There were funny moments too. Having had my application reviewed by a Research Ethics Committee that met in Essex, I then discovered how similarly I pronounce ‘Ethics’ and ‘Essex’, on the phone, to a poor, kindly person trying to understand which ethics committee had looked at it. Eventually, I said, “the one that met in Chelmsford” and we moved on. Having three ethics committees look at your work is not fun. As things are, it’s inevitable for research such as this, but unsurprisingly their expectations are not always compatible. The prison service doesn’t want any contact details for external people, such as academic supervisors, included on Participant Information Sheets; the NHS expects this. The University wants email addresses only; prisoners don’t have email. The NHS REC regarded the notices that prison governors would issue to let prisoners and staff know about the research as ‘posters’ that the REC should scrutinise, so needed the final text agreeing before I could get their approval – 6 months in advance of the governor issuing the text. Prison governors are incredibly busy people, so I am indebted to them for having calmly accepted this.

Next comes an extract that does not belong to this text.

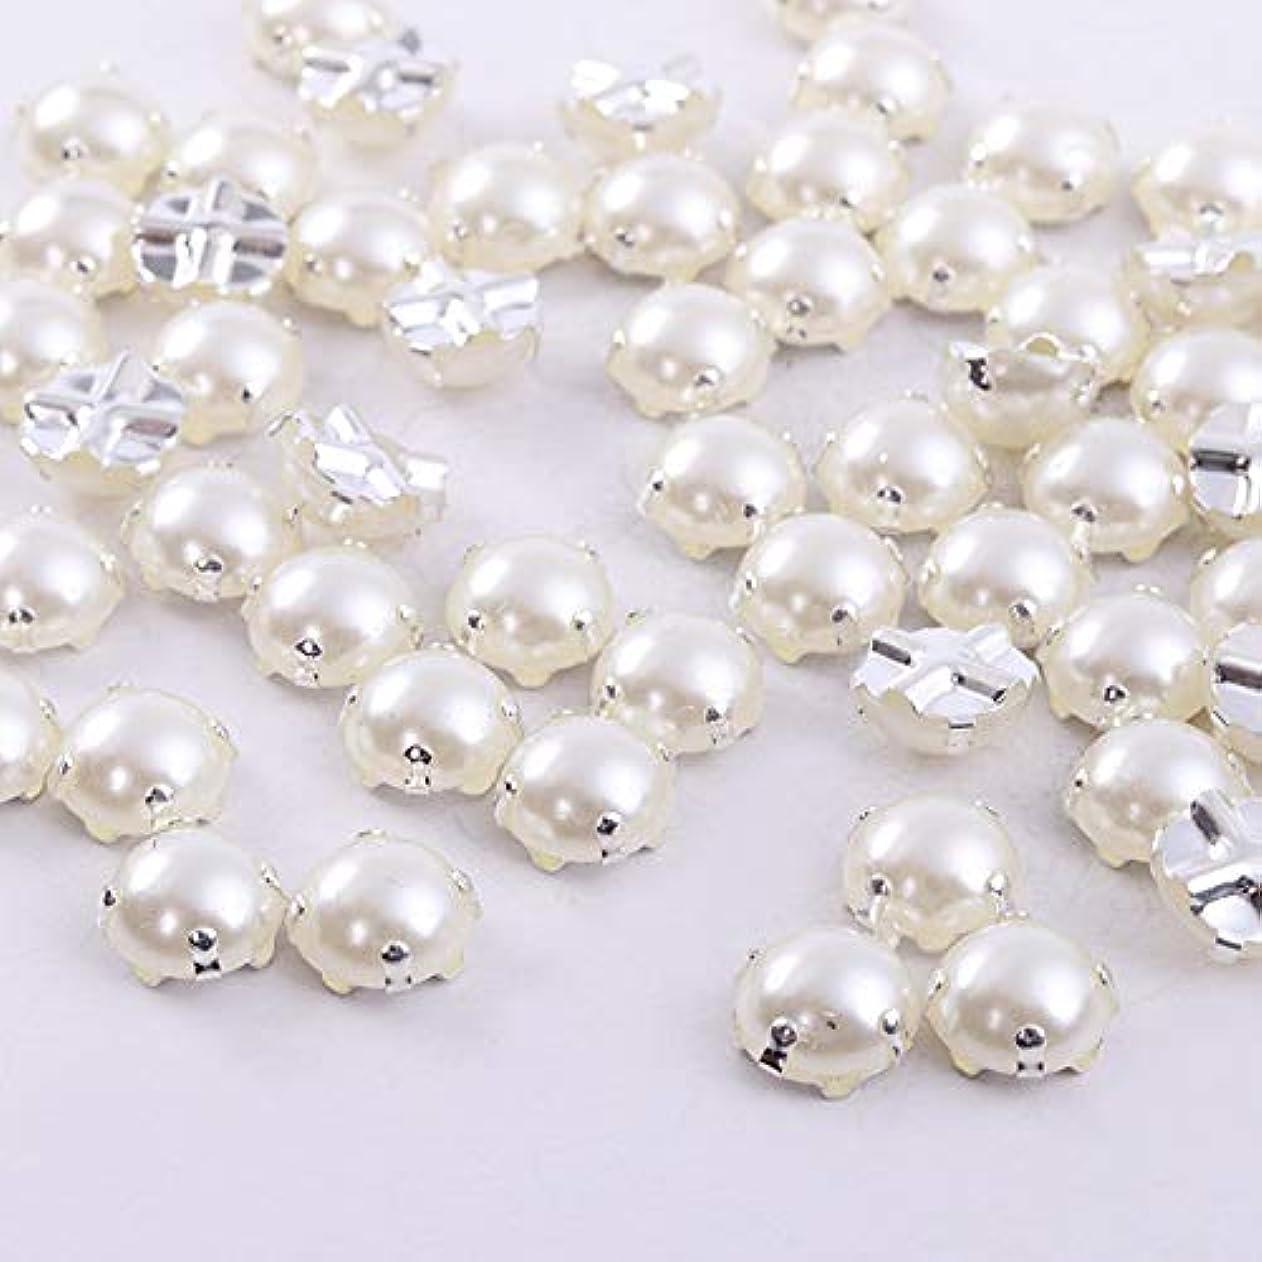 200PCS Sewing Pearl Beads Rhinestones Sew On Pearl Rhinestones with Silver Claw Flatback Half Round Pearl for Craft Garment (Silver Claw, 5mm) pvdjbnqjzwz42868

There is, outwardly, plenty of advice available on NHS websites. Much of it is out of date, hard to find, or impossible to understand. There are flow charts describing a parallel world, ‘start here’ guides buried beyond discovery, and directories that are out of date. Lovely, kind and supportive staff within the NHS R&D offices or working with RECs do their best, but if your project is unusual, there are things they can’t be expected to know, such as that there’s a limited number of Health RECs who will look at prison applications, until it’s nearly too late.

I’m not alone in this. In my struggle to understand the process, I came across numerous articles by academics similarly venting their frustrations, including one that fairly calmly reflecting on the problems, before revealing that their own project had spent the entire initial research budget trying to get permissions for research. Wiser people before me have also found that processes designed for quantitative-based medical interventions and clinical trials cannot adjust to the needs of qualitative research. And yet not much seems to have changed. My gripes may seem small, but behind them is a bigger issue, that of the imbalance of power between researchers and research ethics committees and the lack of accountability of the people, some experts, some lay people, appointed to make such important decisions.

So now I have all the ethical approvals I need, 10 months after I first starting filling in the forms, I’m remembering fondly why I’m here. It comes in flashes; the possibility of time to open that new book I’ve been eyeing up, something on the news that reminds me of the relevance of my research interests, a chance conversation with a colleague. Best of all was a recent conversation with a senior manager at one of the prisons I’ll be visiting for fieldwork. We’d not spoken before, but within minutes she’d reminded me why I’m doing this, why it matters that I’ve survived through all these hurdles. Out there are people who are doing their best in tough circumstances, and good quality research may just be able to help them. I’m looking forward to getting on with it.